Example of launching SharpHound as SYSTEM using psexec:

psexec -i -s powershell -ExecutionPolicy Bypass -NoProfile -Command "Import-Module C:\Tools\SharpHound.ps1; Invoke-SharpHound -CollectionMethod All"

When you have a low‑privilege foothold, consider starting with user‑level collection first, then elevate to SYSTEM only if the extra data is required for the engagement.

Exporting collected data for import into BloodHound

After SharpHound finishes, you will see a directory like \BloodHound\2024-05-28_13-45-22 containing *.json files and a bloodhound.zip archive. To ingest the data:

  1. Open the BloodHound desktop or web UI.
  2. Navigate to Upload DataUpload JSON.
  3. Select the bloodhound.zip file or the individual .json files.
  4. Click Upload. BloodHound parses the JSON and builds the graph.

If you need to merge multiple collections (e.g., from different domains), simply upload each bloodhound.zip sequentially; BloodHound deduplicates nodes based on SID.

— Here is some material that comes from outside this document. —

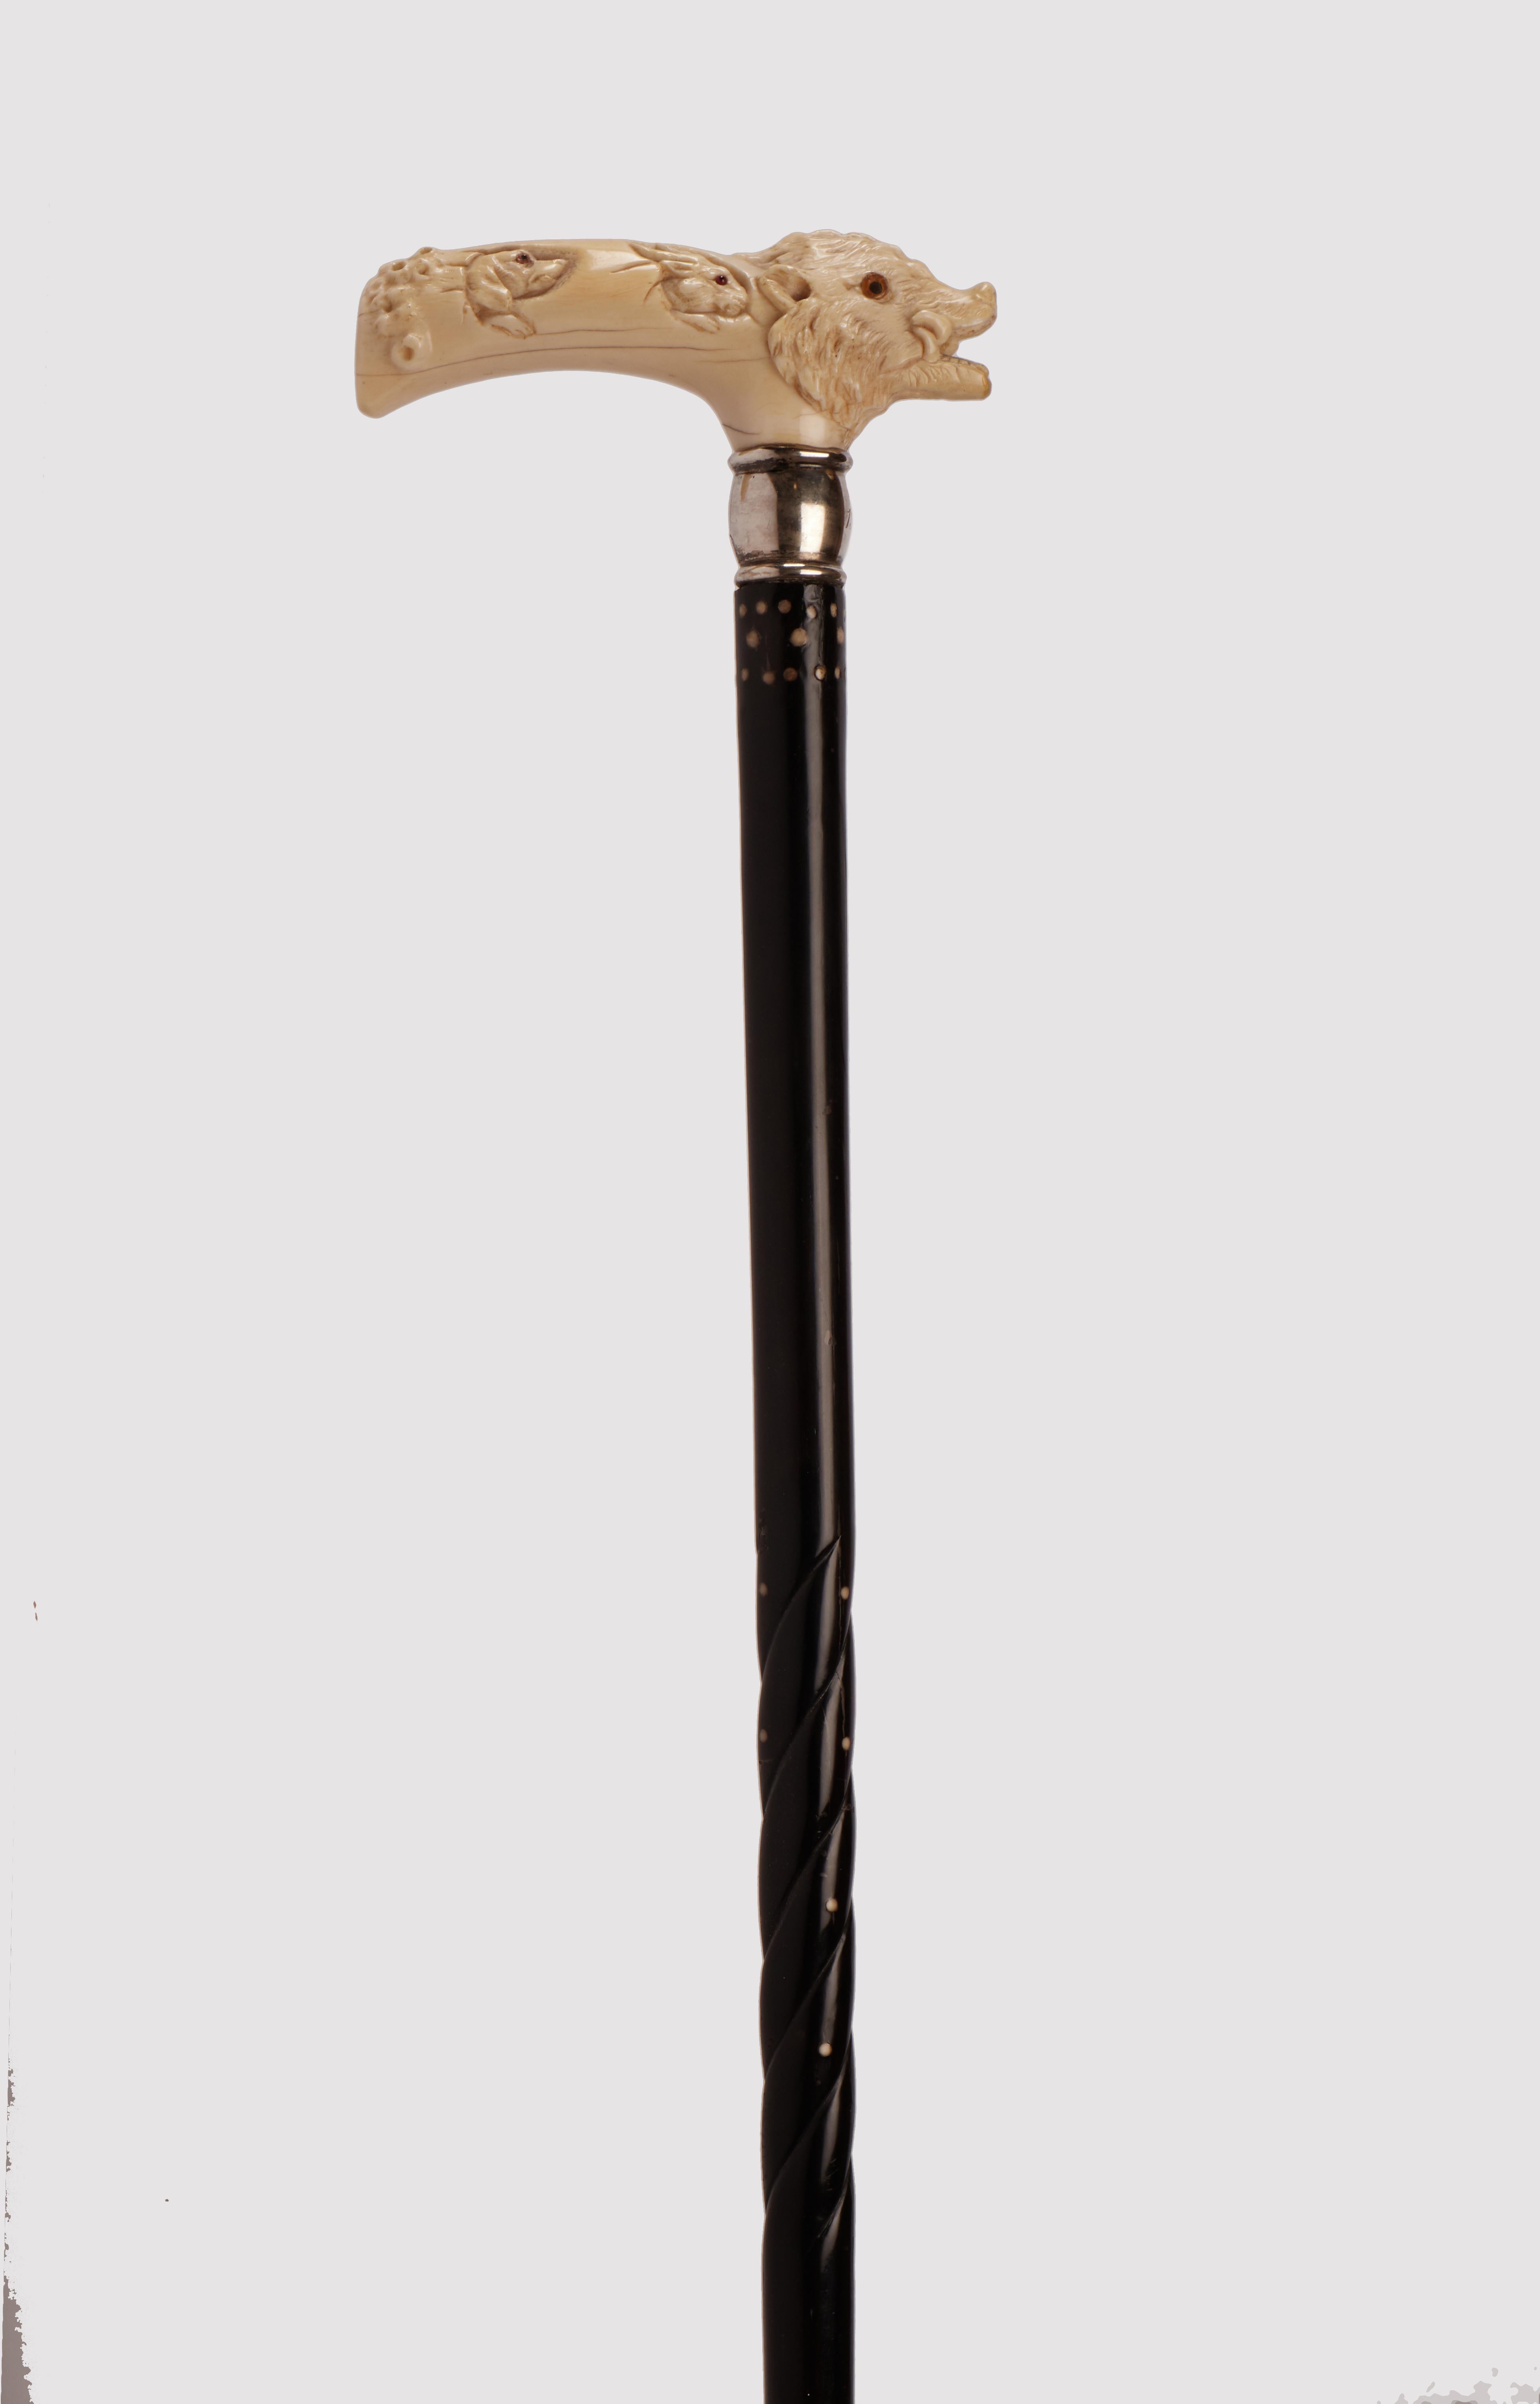 Walking stick: ivory carved handle depicting a wild boar with arrow in its mouth, a dog head, an hare and a native america hunting a boar. Sulphur glass eyes. Shaft ebony wood with ivory knobs. Silver ring. Metal ferrule. USA circa 1910. 
(SHIP TO

For automation, you can use the BloodHound API (available via bloodhound-python) to programmatically push JSON:

import requests, json, os

API_URL = "BloodHound API endpoint"
TOKEN = "YOUR_JWT_TOKEN"

zip_path = r"C:\Collections\bloodhound.zip"
files = {"file": (os.path.basename(zip_path), open(zip_path, "rb"), "application/zip")}
headers = {"Authorization": f"Bearer {TOKEN}"}

resp = requests.post(API_URL, files=files, headers=headers, verify=False)
print("Status:", resp.status_code)
print("Response:", resp.json())

This is handy for continuous‑assessment pipelines where you run SharpHound from a CI/CD runner and push results directly to a central BloodHound server.

Practical Examples

Example 1: Low‑noise DC session harvest

# Step 1: Run as a standard user, collect only DC sessions
powershell -ExecutionPolicy Bypass -NoProfile -Command "Import-Module .\SharpHound.ps1; Invoke-SharpHound -CollectionMethod Session -Domain corp.example.com -Filter \"(&(objectCategory=computer)(userAccountControl:1.2.840.113556.1.4.803:=8192))\""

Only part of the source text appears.